But watch the clash without wincing for, in the effort to build the empire as hateful, the visuals pack in far too much of skinning torture. Like the public whipping of Bheem where ‘Cruella’ Scott relishes seeing blood drip and throws Rama a whip with blood-drawing nails. It’s mesmerisingly spectacular but a strong stomach is required to watch all of it. 

And then there’s a turning point where it’s time for Fire and Water to combine forces to bring the enemy to heel.

Ajay Devgn features in a flashback that links why Rama does what he does and reveals what his real mission is. A tiny romantic track with Sita (Alia Bhatt) is woven in which doesn’t have much to do with the essentially testosterone-courage-patriotism mix.

Maa Godavari, Vande Matram and visuals of India’s Independence Movement heroes are high decibel sequences of patriotic fervour.   

Where SSR errs is in prolonging his story to three hours and a little more. For just as you relax and think you’ve seen one climax, it’s back to some more torture, rescue and fightback.

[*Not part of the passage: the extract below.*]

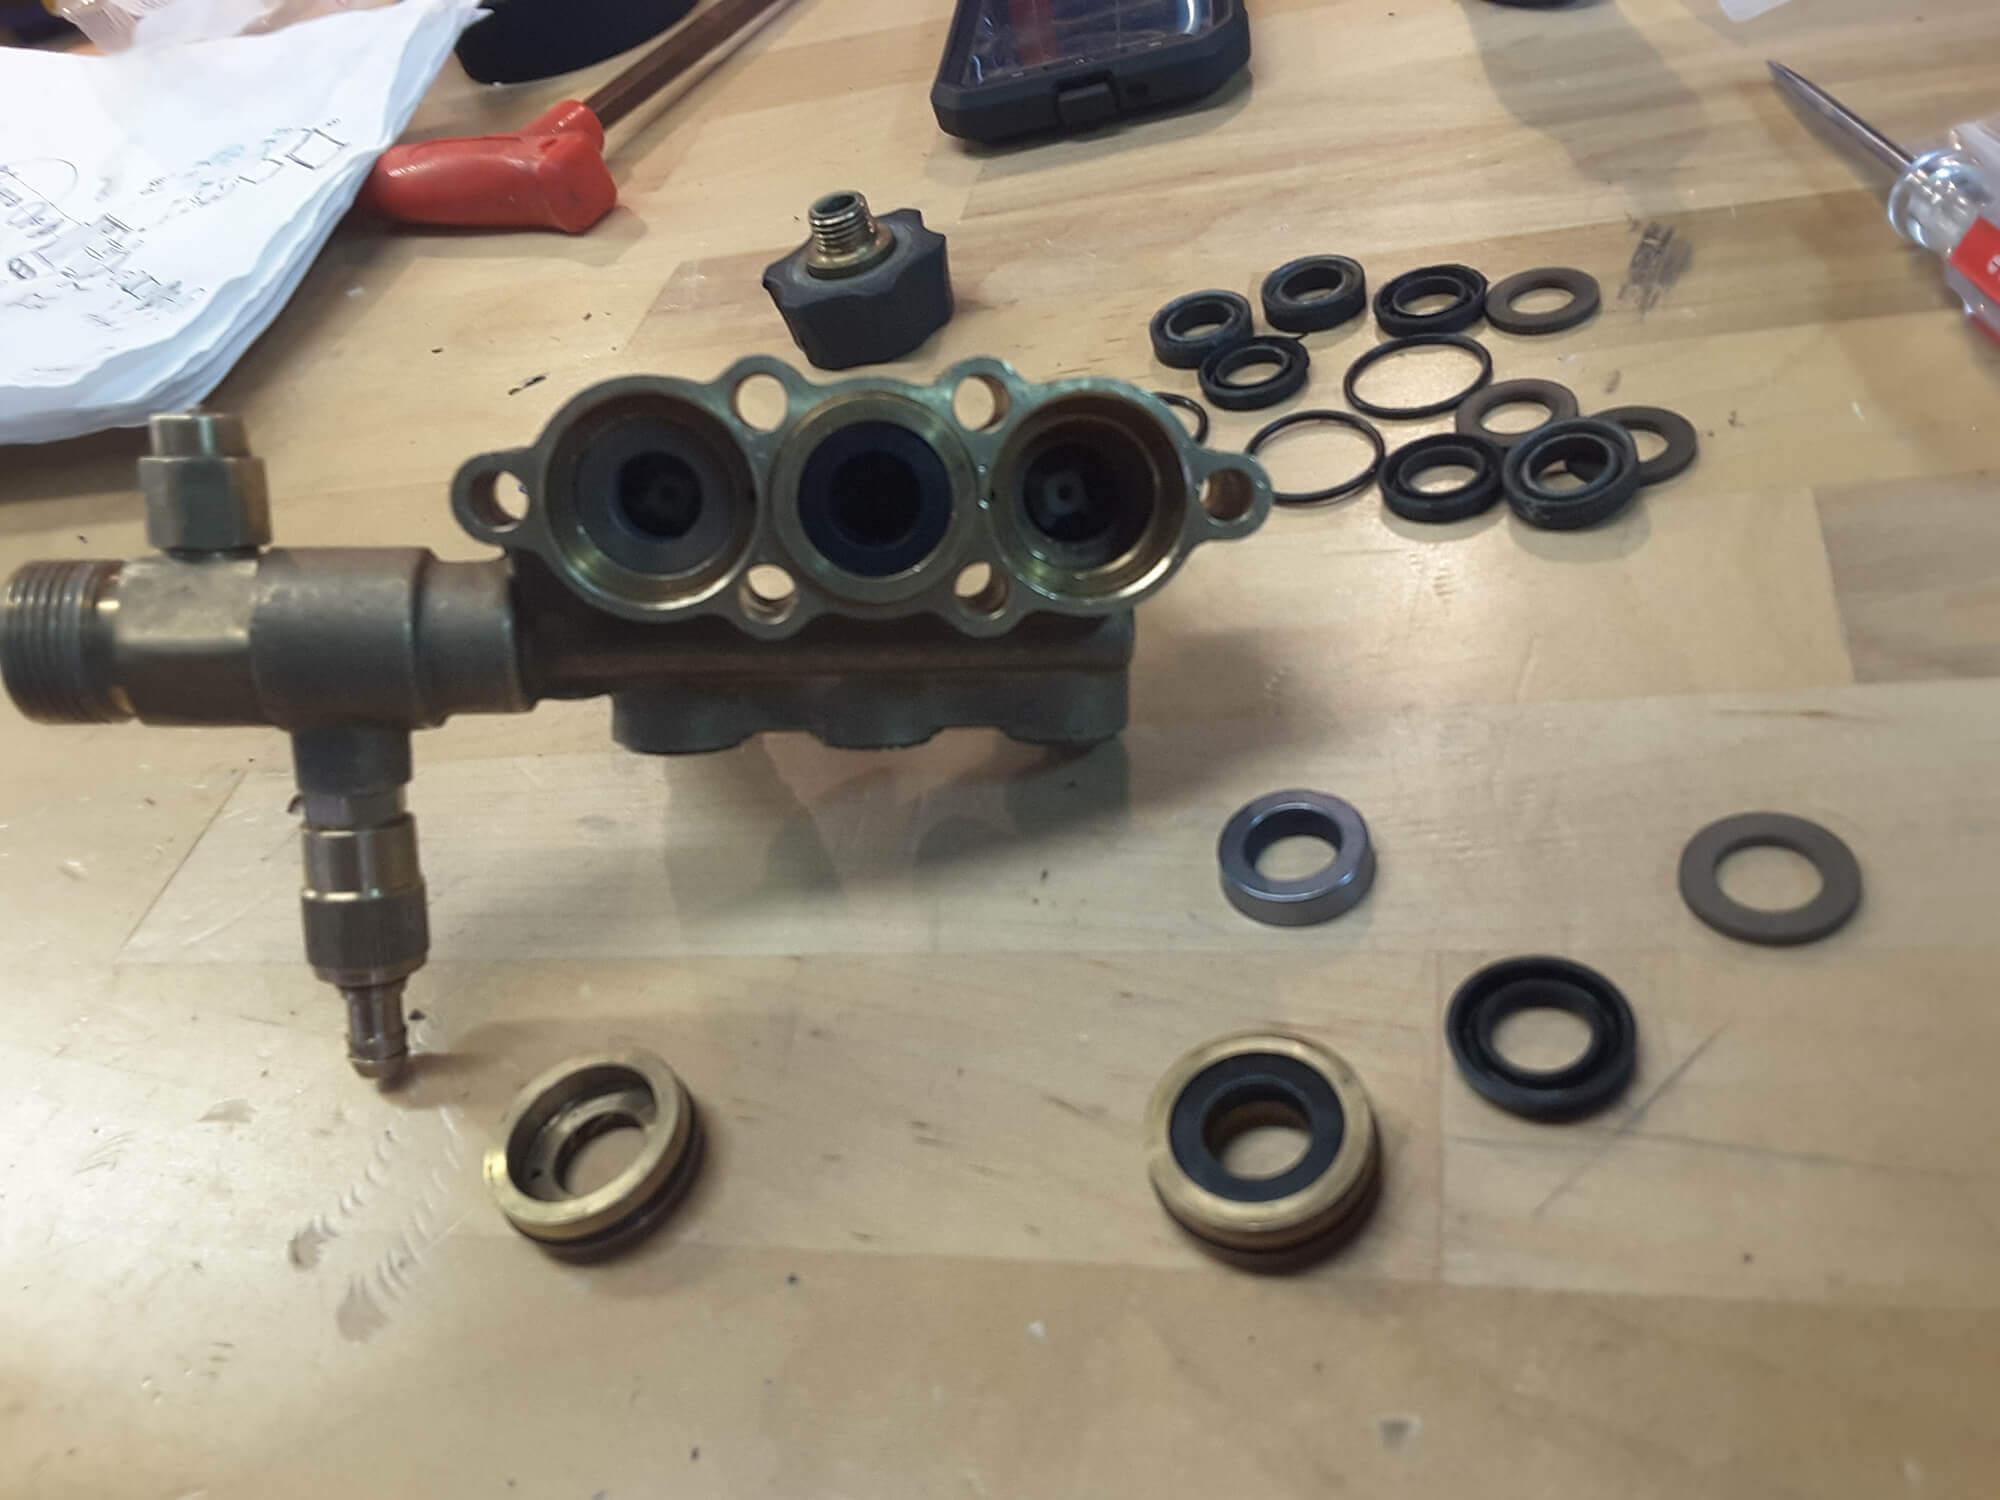 Pressure Washer Pump Rebuild - Pressure Washer Service & Repair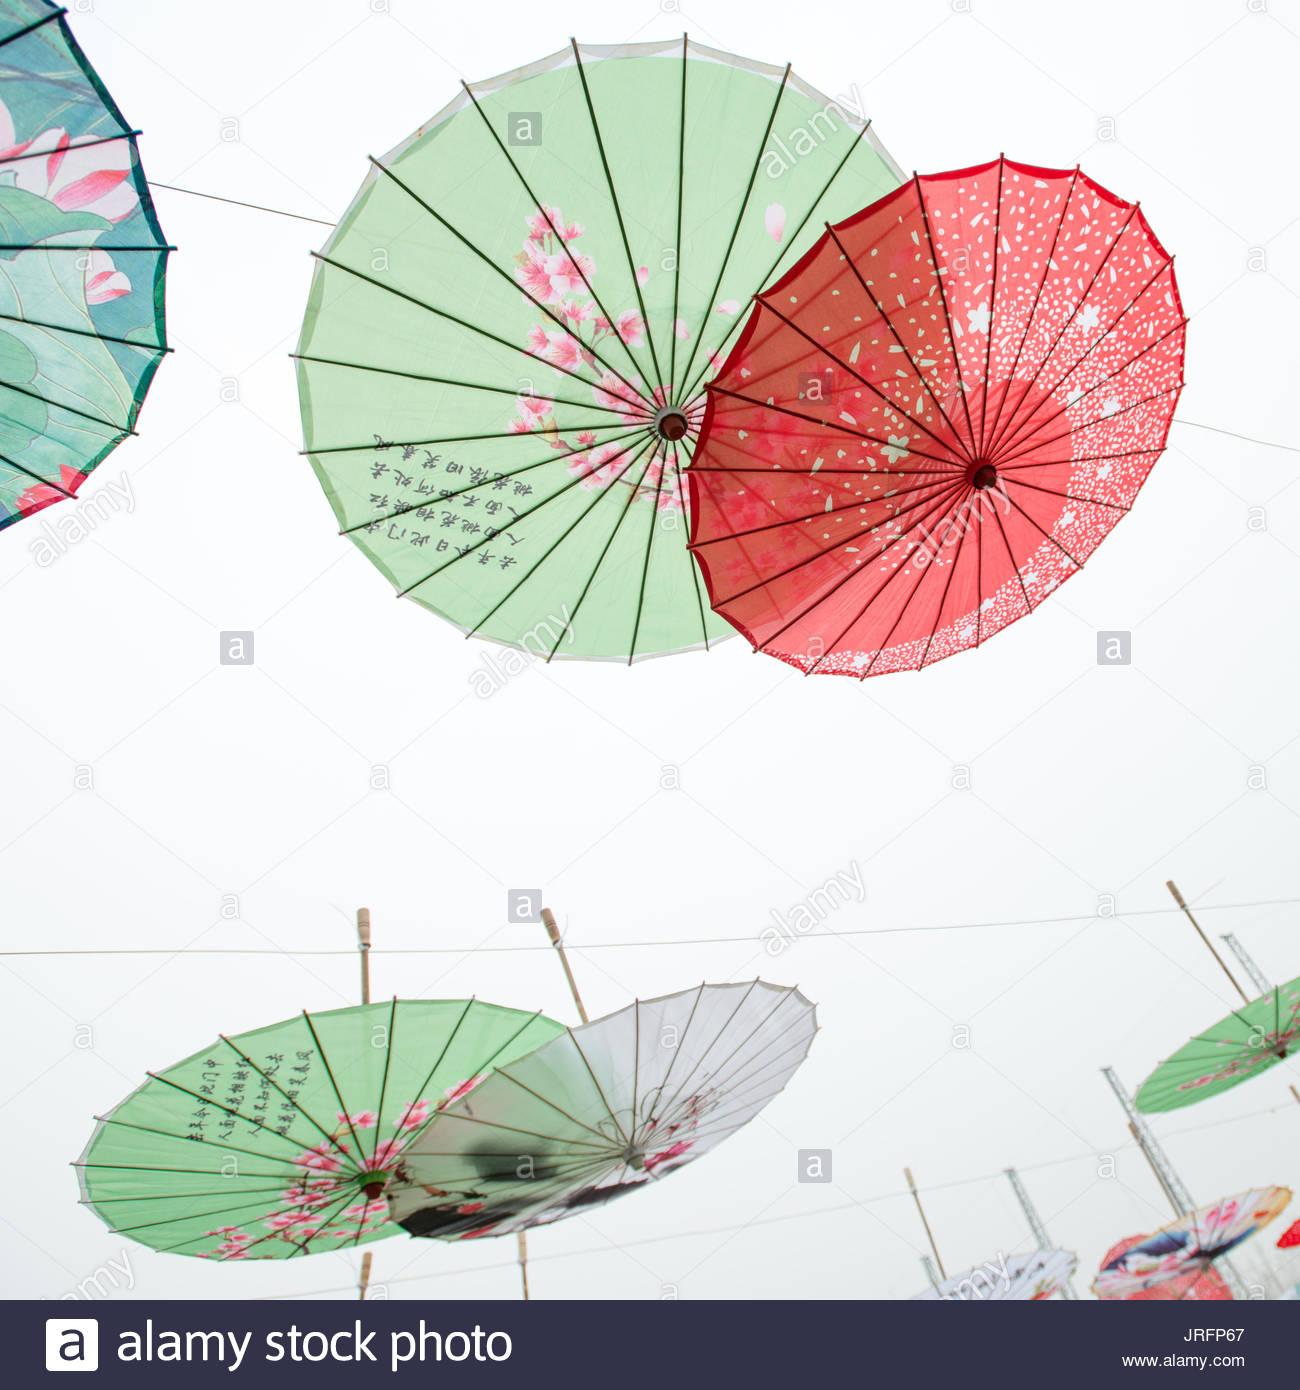 Hanging Umbrella Stock Photos & Hanging Umbrella Stock Images - Alamy

The special effects especially of the wild animals are also a tad below perfection mark.   

But, like Rama and Bheem, SSR rescues his adventure with a smorgasbord of skilfully choreographed, shot and performed action pieces that have you cheering lustily, the temporary boredom soon forgotten.     Switch off the brain. Let the treat for the eyes and the muscles of the well-toned, superbly cast heroes wash over you. And RRR is a welcome back to the theatrical experience.